Fault Tolerant Data Aggregators fail to start post DX NetOps Performance Management upgrade

book

Article ID: 210943

calendar_today

Updated On:

Products

CA Performance Management - Usage and Administration DX NetOps

Issue/Introduction

It appears that both DA's believe that other DA is in control so neither will start.

The Proxy is showing this in the /var/log/messages where it's unable to find or select a cluster leader.

Mar 17 16:08:23 Proxy_HOST_NAME consul[16301]: 2021-03-17T16:08:23.904Z [INFO]  agent.server: Adding LAN server: server="DA1_HOST_NAME (Addr: tcp/DA1_IP-Address:8300) (DC: capm)"
Mar 17 16:08:23 Proxy_HOST_NAME consul[16301]: 2021-03-17T16:08:23.905Z [INFO]  agent.server: Existing Raft peers reported by server, disabling bootstrap mode: server=DA2_HOST_NAME
Mar 17 16:08:23 Proxy_HOST_NAME consul[16301]: 2021-03-17T16:08:23.906Z [INFO]  agent.server: Adding LAN server: server="DA2_HOST_NAME (Addr: tcp/DA2_IP-Address:8300) (DC: capm)"
Mar 17 16:08:23 Proxy_HOST_NAME consul[16301]: 2021-03-17T16:08:23.907Z [INFO]  agent.server.serf.wan: serf: EventMemberJoin: DA2_HOST_NAME.capm DA2_IP-Address
Mar 17 16:08:23 Proxy_HOST_NAME consul[16301]: 2021-03-17T16:08:23.907Z [INFO]  agent.server.serf.wan: serf: EventMemberJoin: DA1_HOST_NAME.capm DA1_IP-Address
Mar 17 16:08:23 Proxy_HOST_NAME consul[16301]: 2021-03-17T16:08:23.908Z [INFO]  agent.server: Handled event for server in area: event=member-join server=DA2_HOST_NAME.capm area=wan
Mar 17 16:08:23 Proxy_HOST_NAME consul[16301]: 2021-03-17T16:08:23.908Z [INFO]  agent.server: Handled event for server in area: event=member-join server=DA1_HOST_NAME.capm area=wan
Mar 17 16:08:39 Proxy_HOST_NAME consul[16301]: 2021-03-17T16:08:39.406Z [ERROR] agent: Coordinate update error: error="No cluster leader"
Mar 17 16:08:58 Proxy_HOST_NAME consul[16301]: 2021-03-17T16:08:58.669Z [ERROR] agent.anti_entropy: failed to sync remote state: error="No cluster leader"
Mar 17 16:09:05 Proxy_HOST_NAME consul[16301]: 2021-03-17T16:09:05.000Z [ERROR] agent: Coordinate update error: error="No cluster leader"

Cause

While unable to determine a cause, multiple restarts allowed it to connect when things were restarted in the correct order while removing the appropriate data directories so they are rebuilt.

Environment

All supported DX NetOps Performance Management releases

Resolution

To resolve this the following steps were taken. It was done four times and the fourth attempt allowed the systems to start properly.

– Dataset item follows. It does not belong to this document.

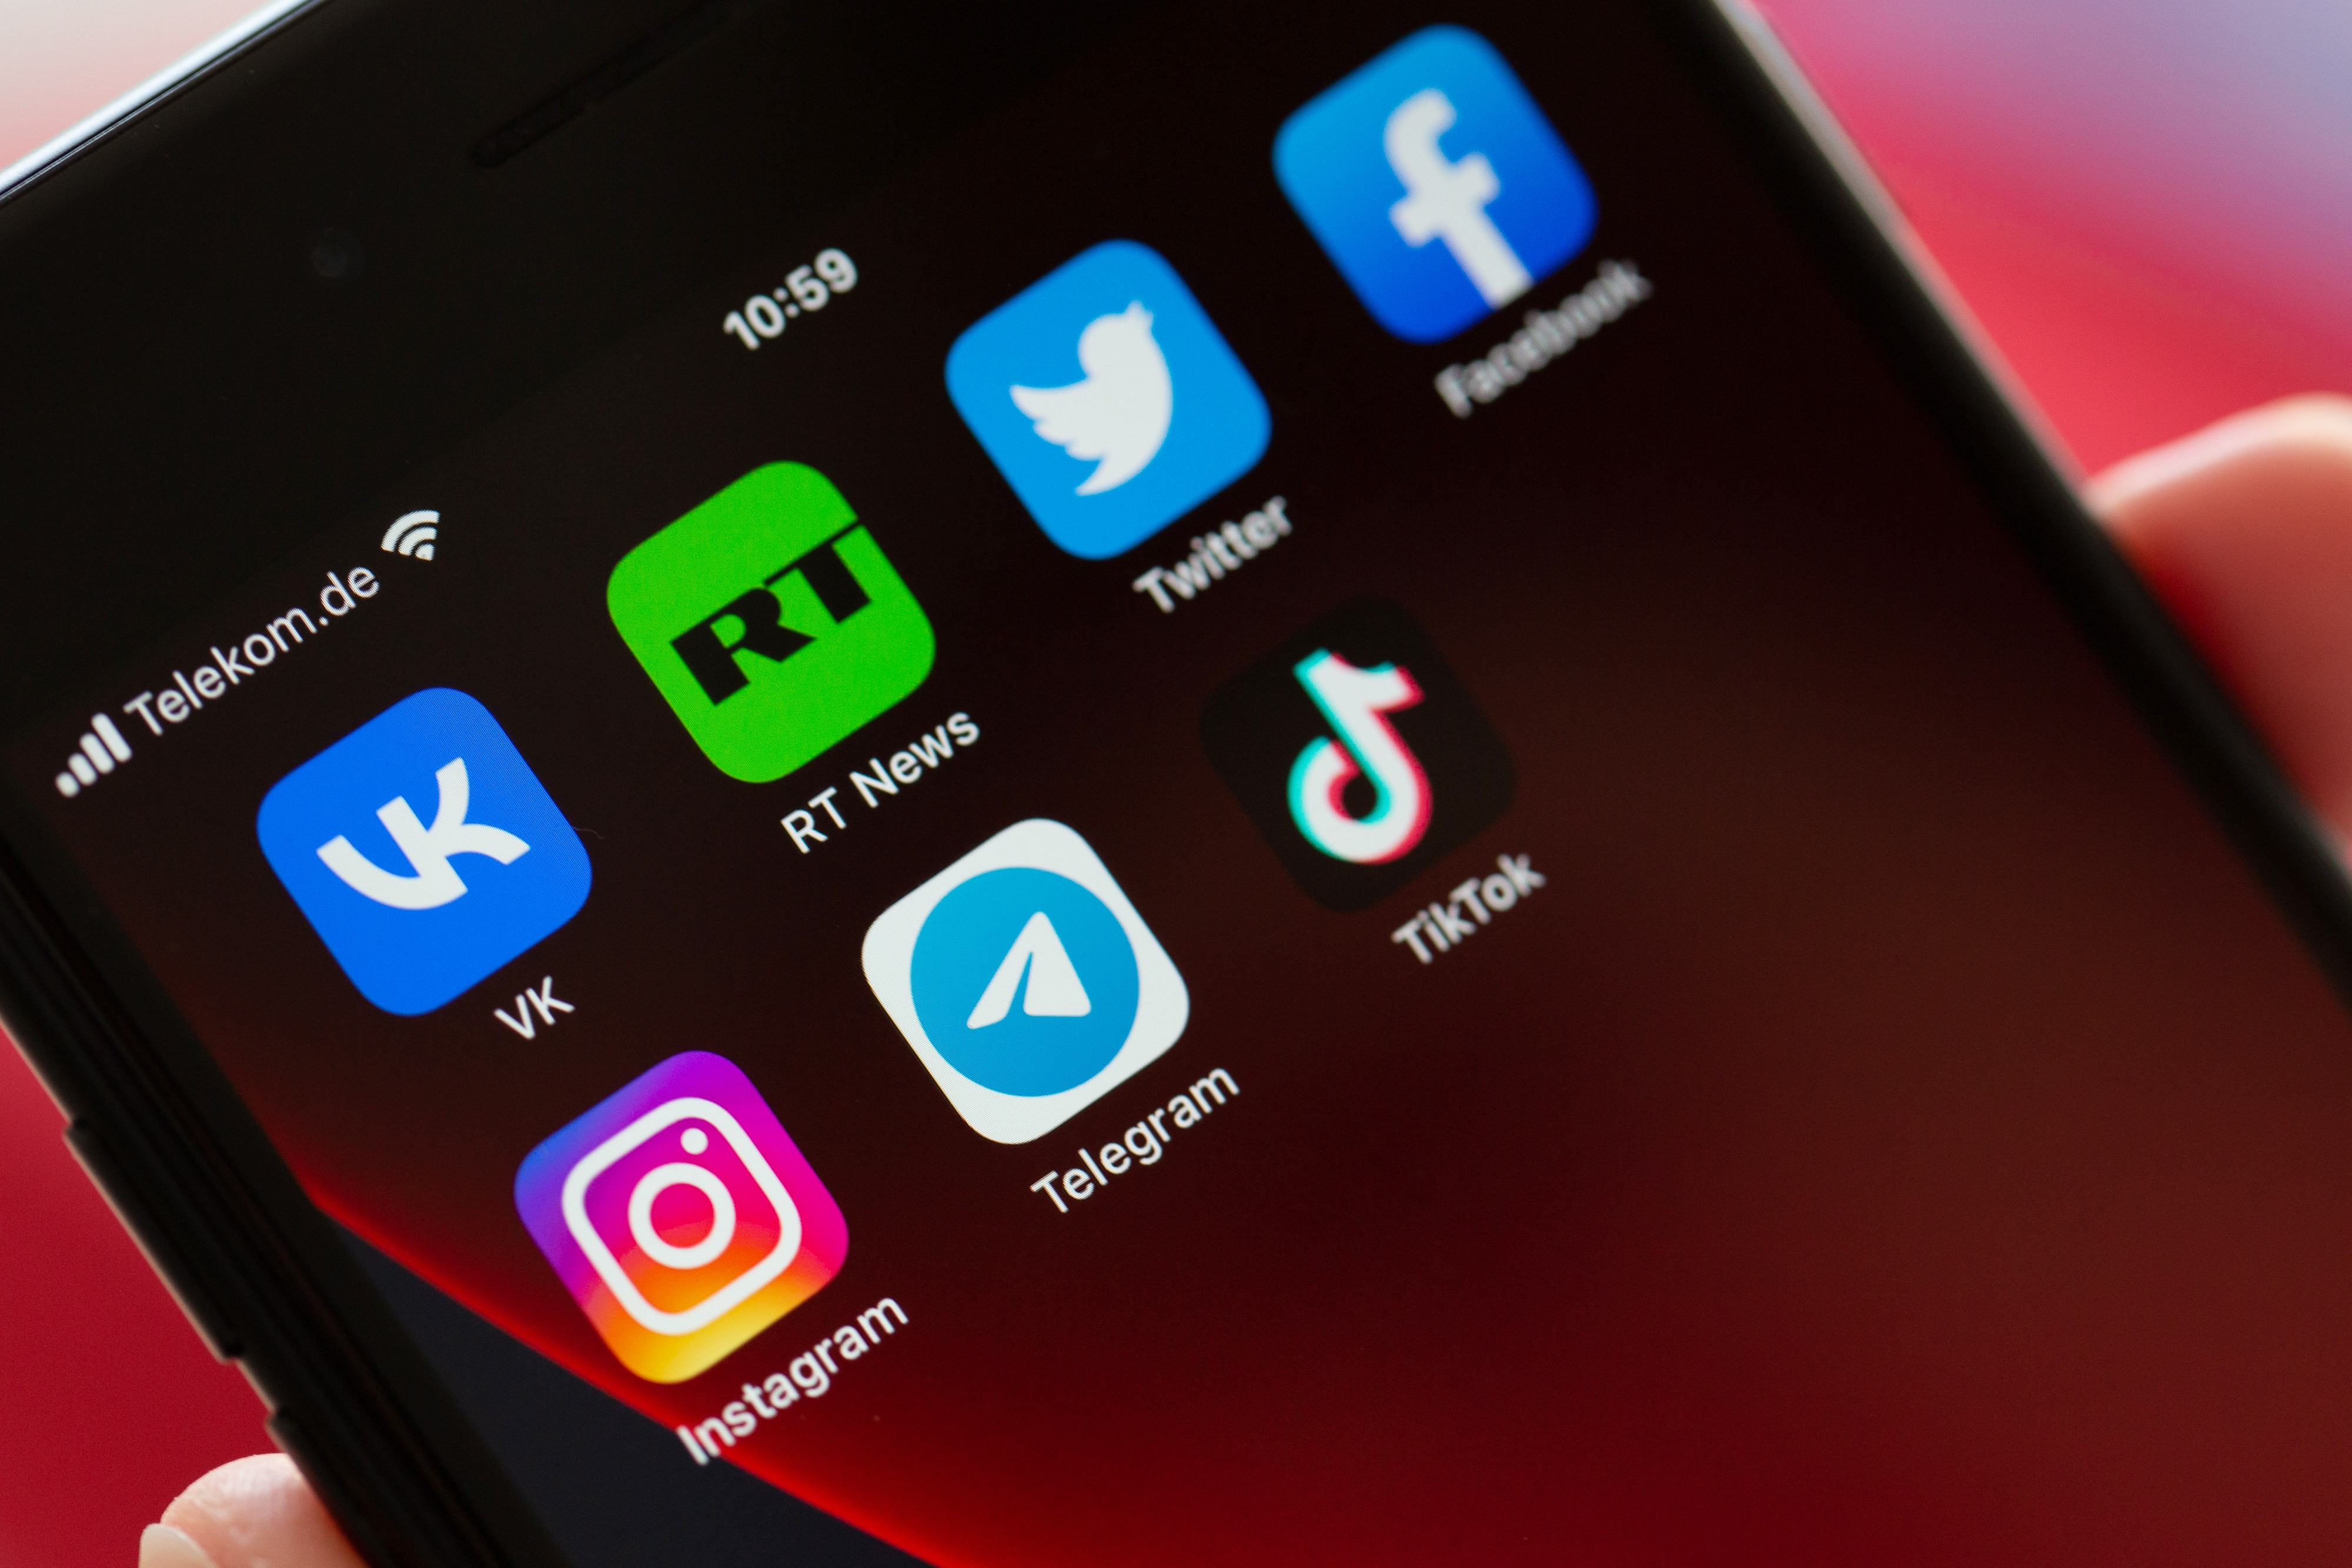 Auf dem Bildschirm eines Smartphones sind die Logos der Apps VKontakte (oben l-r), Twitter, RT News, Facebook, Instagram (unten l-r), Telegram und TikTok zu sehen.

  1. Stop any running dadaemon or activemq services on DA 1.
  2. Stop the consul and consul-ext services on DA 1.
  3. Delete or rename the existing data directories in the following locations on DA 1. Default paths shown.
    1. Recommendation is to renaming so logs if needed are retained. Can be deleted at a later date. To do so use the command:
      • mv data data.old
    2. The directories are:
      • /opt/IMDataAggregator/apache-karaf-<version>/data
      • /opt/IMDataAggregator/consul/data
  4. Stop any running dadaemon or activemq services on DA 2.
  5. Stop the consul and consul-ext services on DA 2.
  6. Delete or rename the existing data directories in the following locations on DA 1. Default paths shown.
    1. Recommendation is to renaming so logs if needed are retained. Can be deleted at a later date. To do so use the command:
      • mv data data.old
    2. The directories are:
      • /opt/IMDataAggregator/apache-karaf-<version>/data
      • /opt/IMDataAggregator/consul/data
  7. Stop the running consul and daproxy services on the proxy host.
  8. Delete or rename the existing data directory in the following location on the proxy host. Default paths shown.
    1. Recommendation is to renaming so logs if needed are retained. Can be deleted at a later date. To do so use the command:
      • mv data data.old
    2. The directory is:
      • /opt/CA/daproxy/data
  9. Start the daproxy service on the proxy host.
  10. Start the consul service on the proxy host.
  11. Start the consul service on DA 1.
  12. Start the consul-ext service on DA 1.
  13. Start the consul service on DA 2.
  14. Start the consul-ext service on DA 2.